Scenario 1: Inserting data in mother/daughter tables - 6.3

Talend Open Studio for Big Data Components Reference Guide

Talend Open Studio for Big Data
Data Governance
Data Quality and Preparation
Design and Development
Talend Studio

The following Job is dedicated to advanced database users, who want to carry out multiple table insertions using a parent table id to feed a child table.

As a prerequisite to this Job, follow the steps described below to create the relevant tables using an engine such as innodb:

  1. In a command line editor, connect to your Mysql server.

  2. Once connected to the relevant database, type in the following command to create the parent table:

    create table f1090_mum(id int not null auto_increment, name varchar(10), primary key(id)) engine=innodb;
  3. Then create the second table:

    create table f1090_baby (id_baby int not null, years int) engine=innodb;

Back in Talend Studio, the Job requires seven components including tMysqlConnection and tMysqlCommit.

Linking the components

  1. Drag and drop the following components from the Palette: a tFileList, a tFileInputDelimited, a tMap, a tMysqlConnection, a tMysqlCommit and two tMysqlOutput.

  2. Connect tMysqlConnection to tFileList using an OnComponentOk link.

  3. Connect tFileList to tMysqlCommit using an OnComponentOk link.

  4. Connect the tFileList component to the input file component using an Iterate link as the name of the file to be processed will be dynamically filled in from the tFileList directory using a global variable.

  5. Connect the tFileInputDelimited component to the tMap and dispatch the flow between the two output Mysql DB components. Use a Row link for each for these connections representing the main data flow.

Configuring the components

  1. Set the tFileList component properties, such as the directory name where files will be fetched from.

  2. In the tMysqlConnection Component view, set the connection details manually or fetch them from the Repository if you centrally stored them as a Metadata DB connection entry. For more information about Metadata, see Talend Studio User Guide.
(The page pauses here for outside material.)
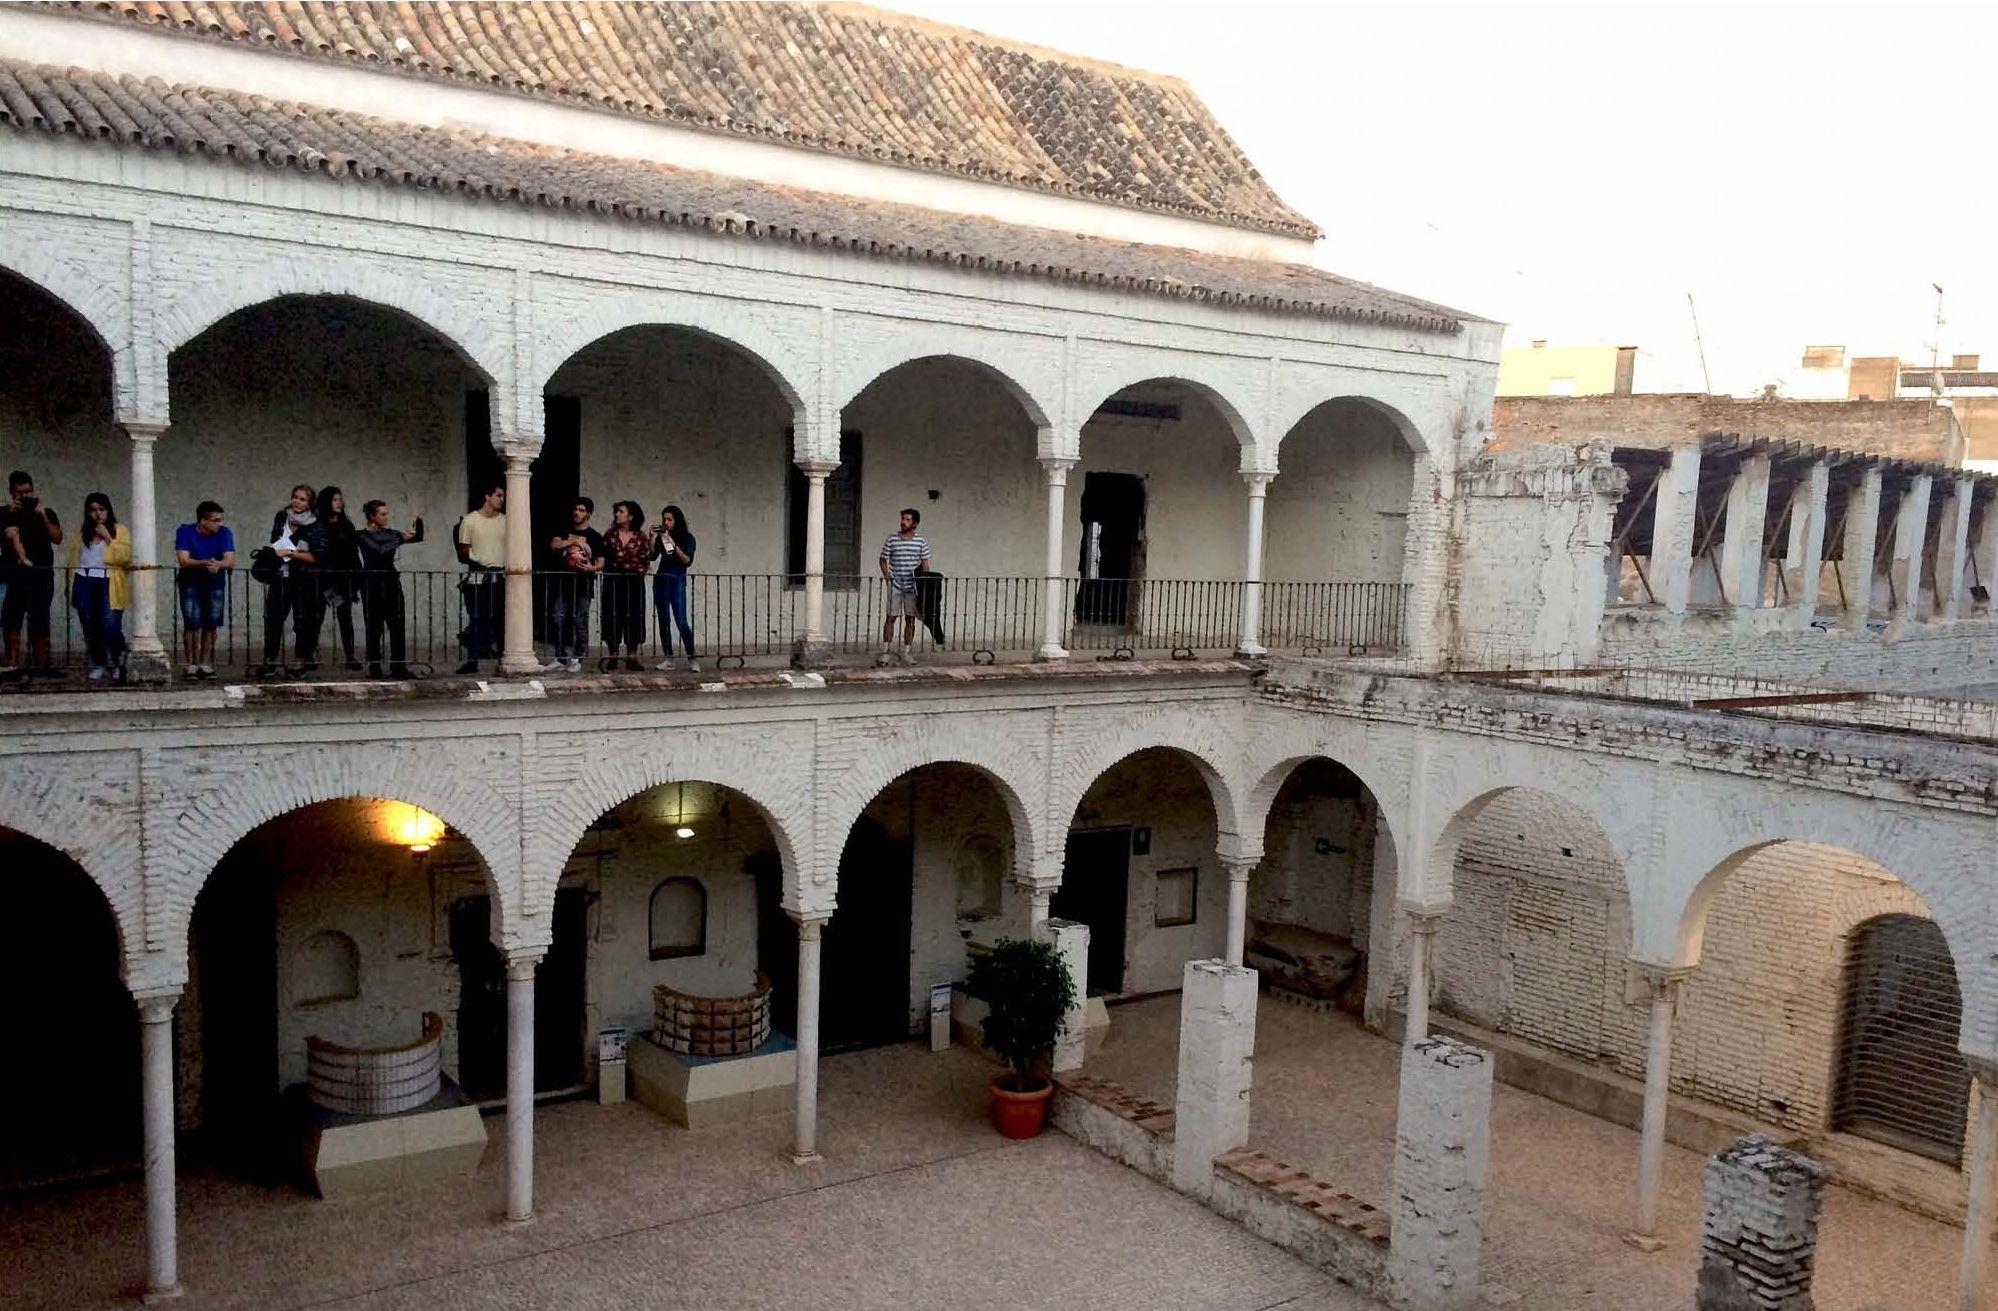 Fotografía visita guiada 3 (Nueva Ventana)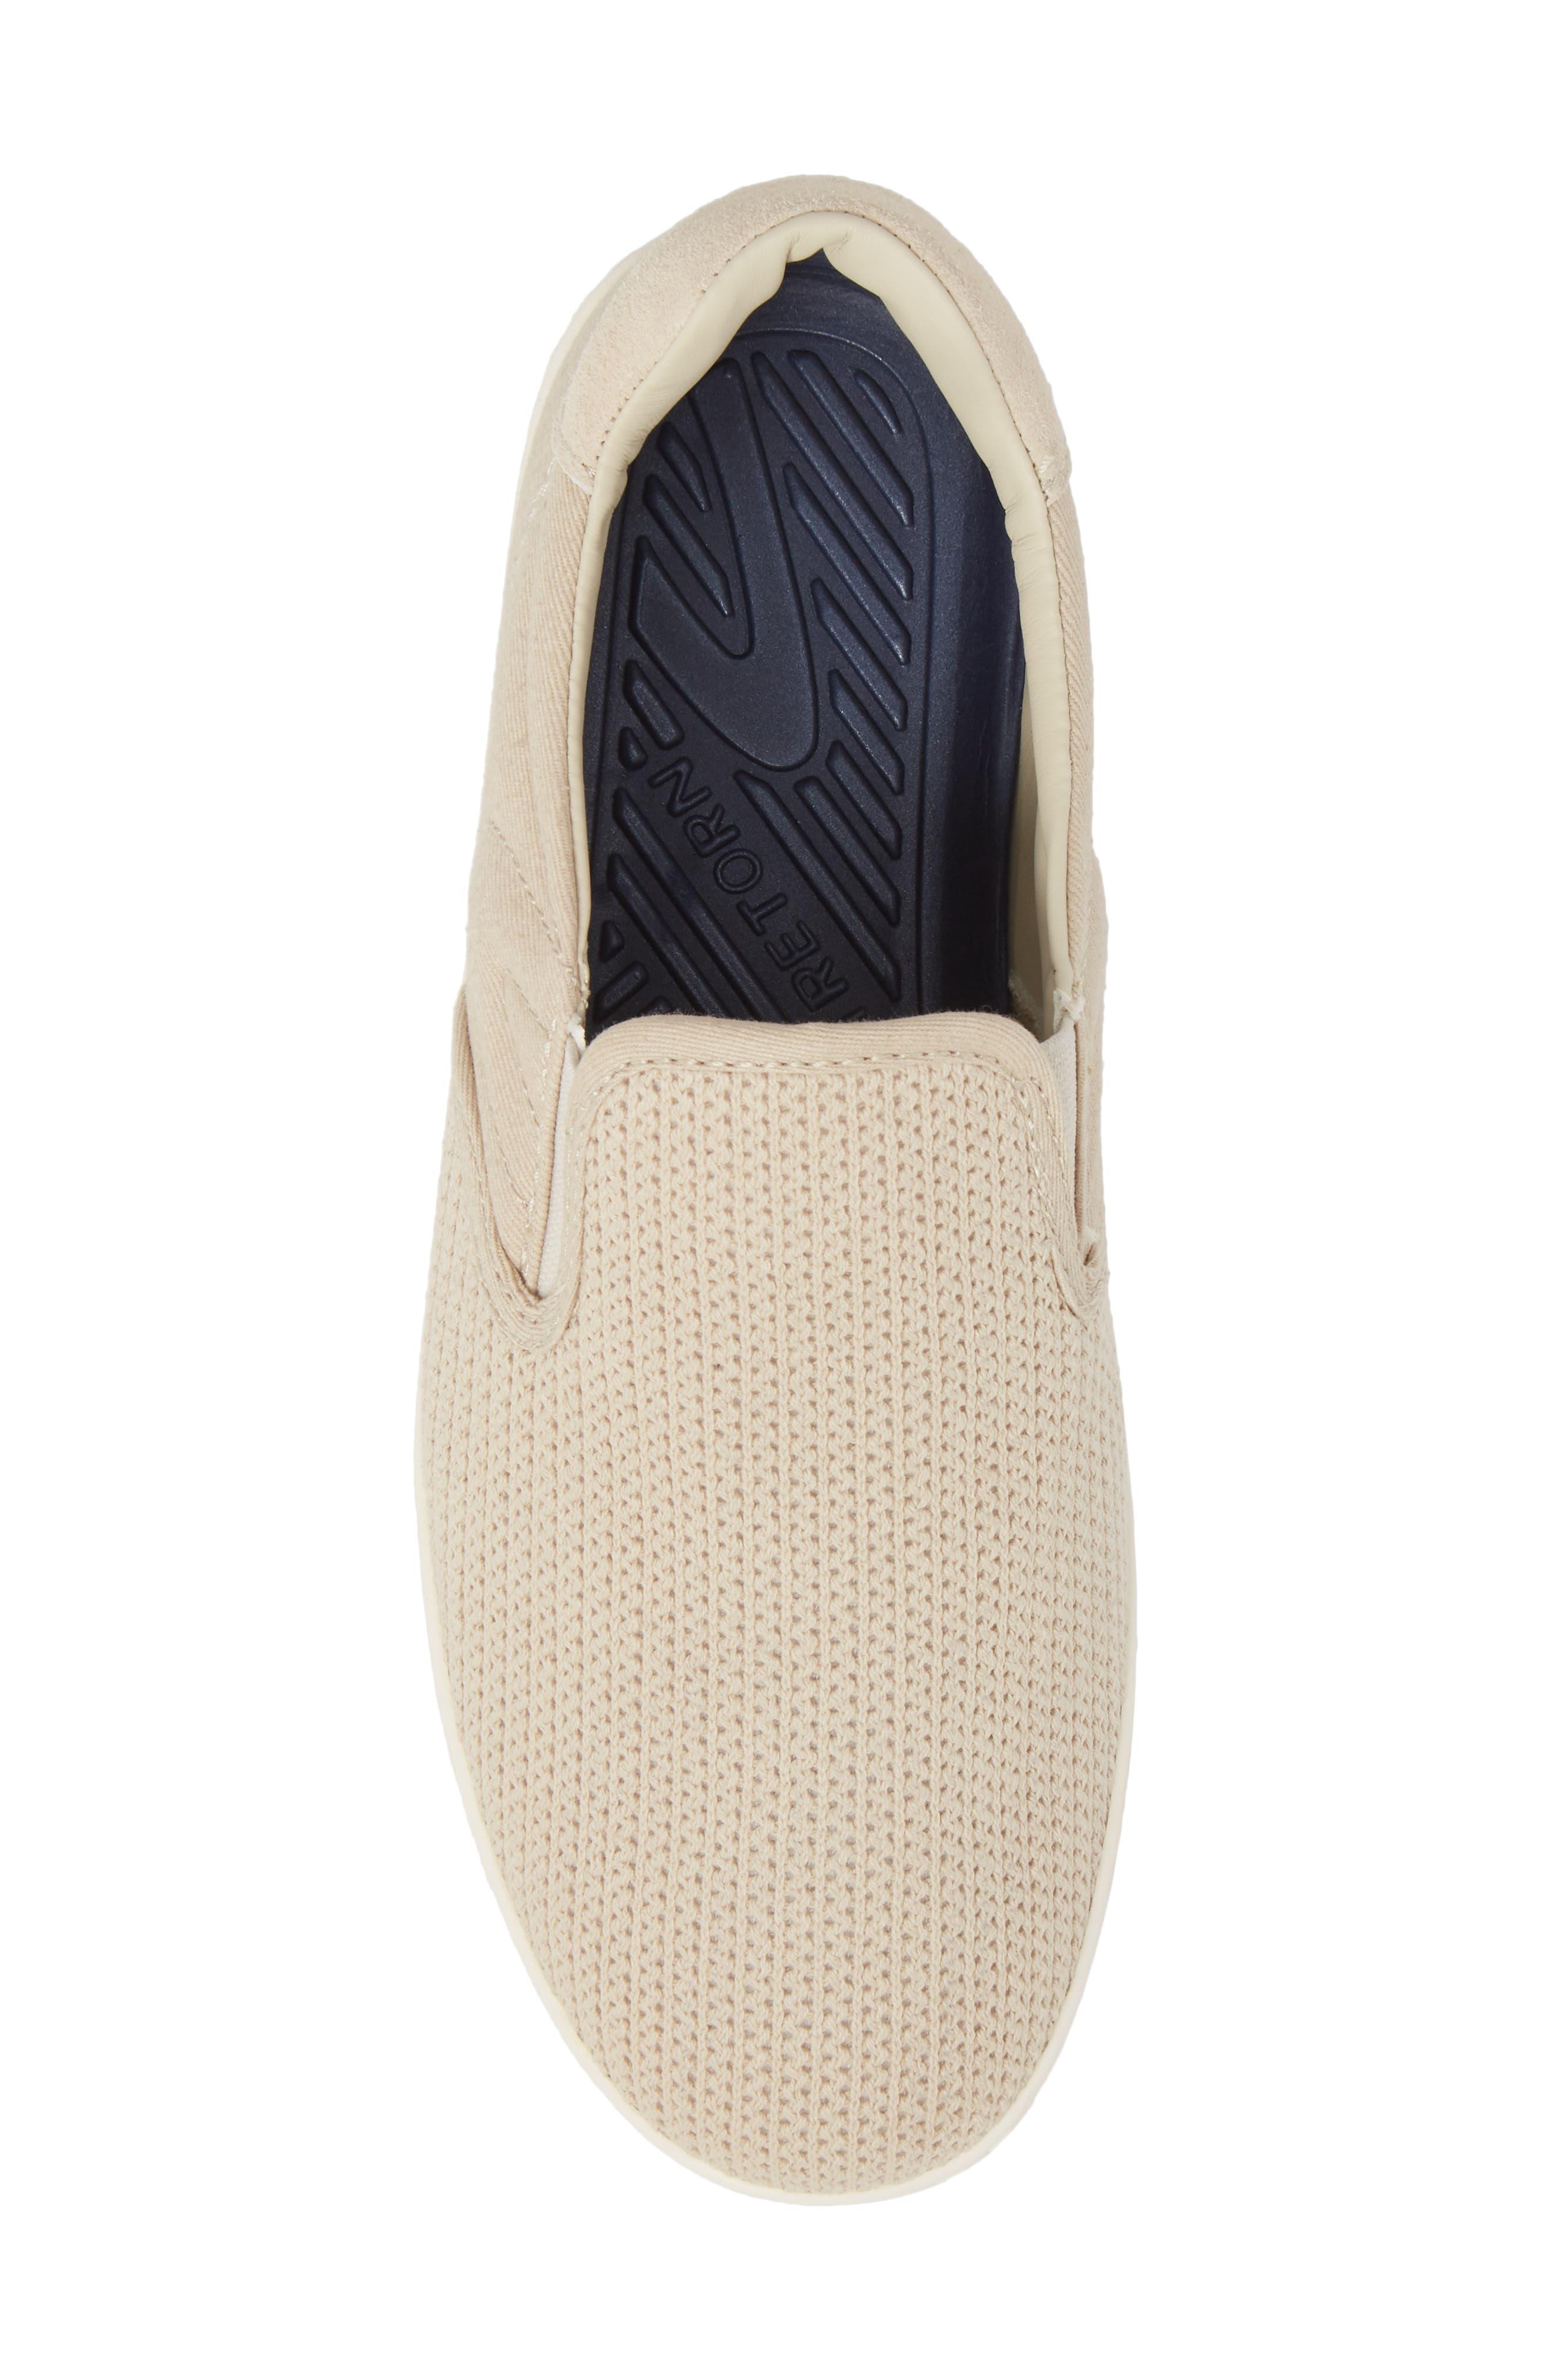 Cruz Mesh Slip-On Sneaker,                             Alternate thumbnail 6, color,                             Sand

  3. On the tFileInputDelimited component's Basic settings panel, press Ctrl+Space bar to access the variable list. Set the File Name field to the global variable: tFileList_1.CURRENT_FILEPATH

  4. Set the rest of the fields as usual, defining the row and field separators according to your file structure.

  5. Then set the schema manually through the Edit schema feature or select the schema from the Repository. In Java version, make sure the data type is correctly set, in accordance with the nature of the data processed.

  6. In the tMap Output area, add two output tables, one called mum for the parent table, the second called baby, for the child table.

    Drag the Name column from the Input area, and drop it to the mum table.

    Drag the Years column from the Input area and drop it to the baby table.

  7. Make sure the mum table is on the top of the baby table as the order is determining for the flow sequence hence the DB insert to perform correctly.

    Connect the output row link to distribute correctly the flow to the relevant DB output component.

  8. In each of the tMysqlOutput components' Basic settings panel, select the Use an existing connection check box to retrieve the tMysqlConnection details.

  9. Set the Table name making sure it corresponds to the correct table, in this example either f1090_mum or f1090_baby.

    There is no action on the table as they are already created.

    Select Insert as Action on data for both output components.

    Click on Sync columns to retrieve the schema set in the tMap.

  10. In the Additional columns area of the DB output component corresponding to the child table (f1090_baby), set the id_baby column so that it reuses the id from the parent table.

  11. In the SQL expression field type in: "(Select Last_Insert_id())"

    The position is Before and the Reference column is years.

    In the Advanced settings panel, clear the Extend insert check box.

Executing the Job

  1. Press Ctrl + S to save your Job.

  2. Press F6 to execute it.

    The parent table id has been reused to feed the id_baby column.